» **Activity**:
Within the lines below, the span from the line with "Rusia be like - meme" to the line with "Hnědé pantofle s bílou podrážkou MTNG", both ends included, is to be reproduced exactly, with pictures omitted.

» **Material shown**:

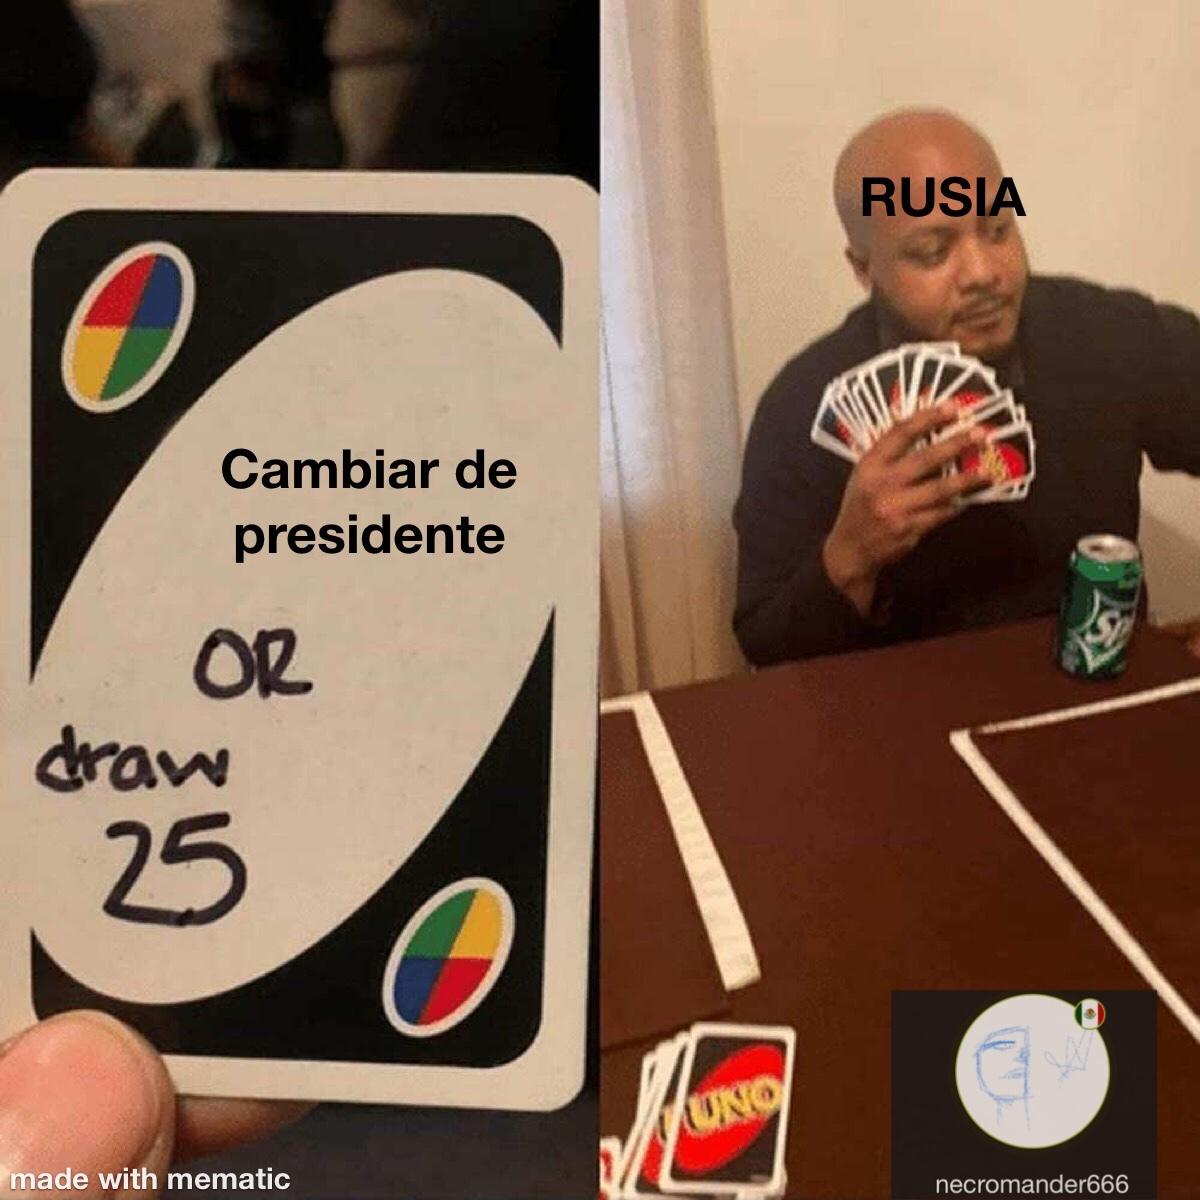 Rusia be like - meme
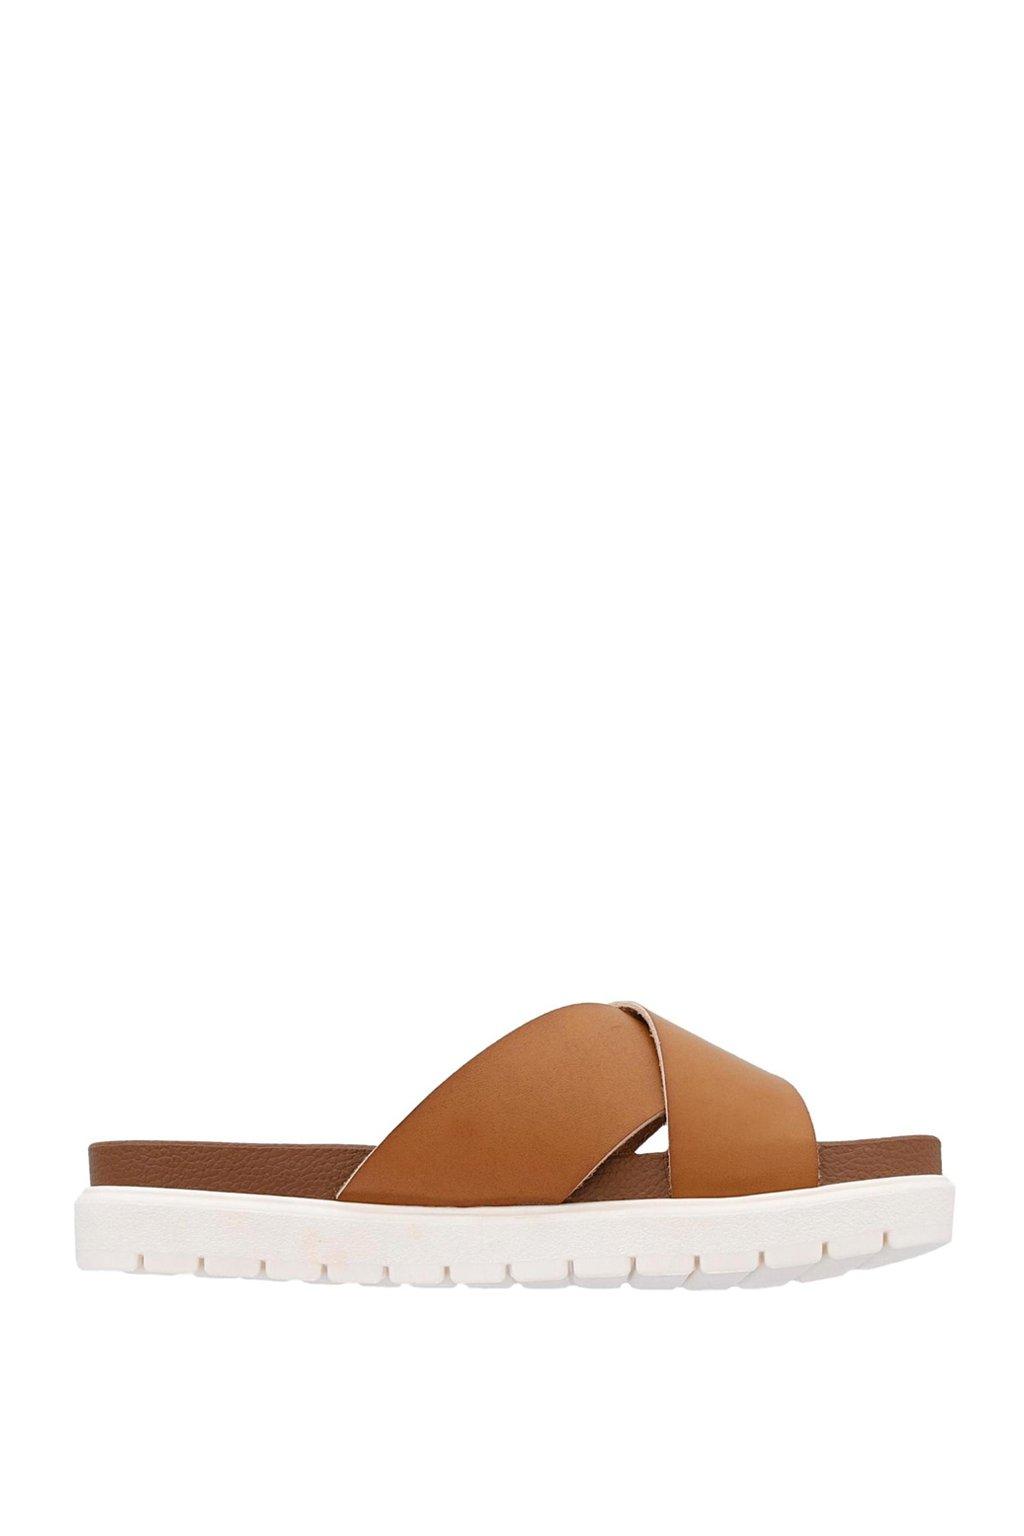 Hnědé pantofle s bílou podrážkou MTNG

---

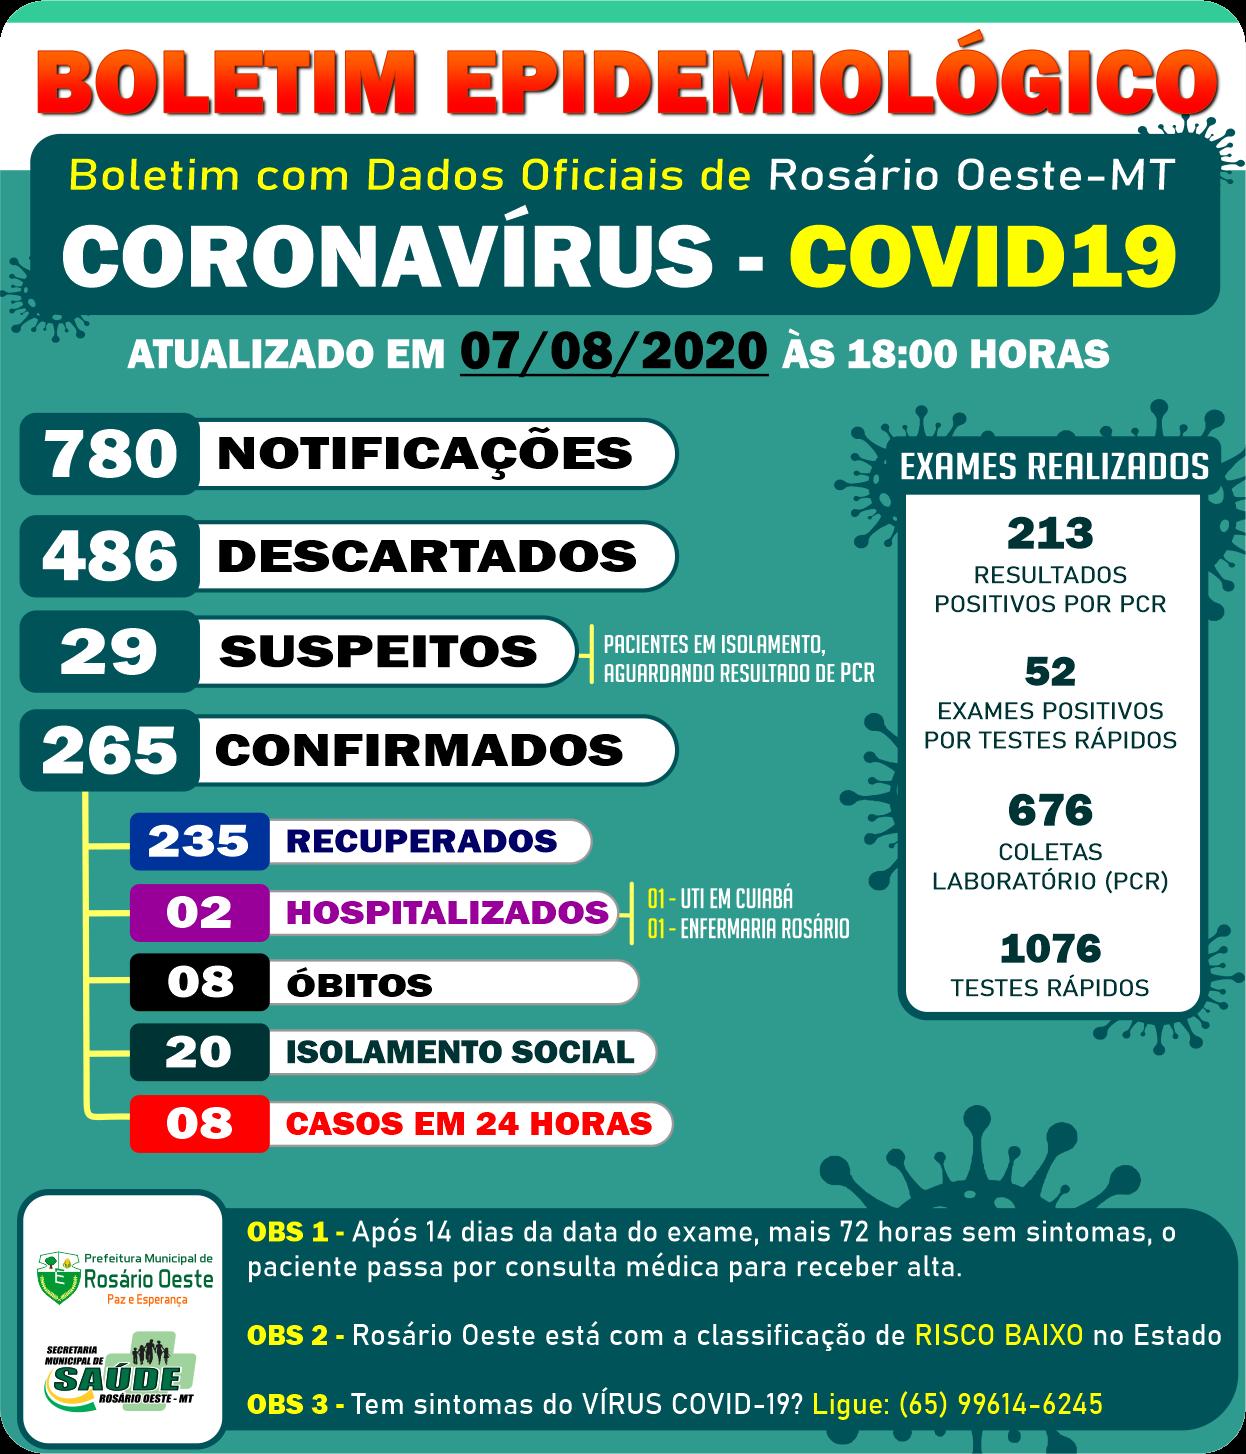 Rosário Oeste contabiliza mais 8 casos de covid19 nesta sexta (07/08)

» **Solution to this task**:
 Rusia be like - meme
 Hnědé pantofle s bílou podrážkou MTNG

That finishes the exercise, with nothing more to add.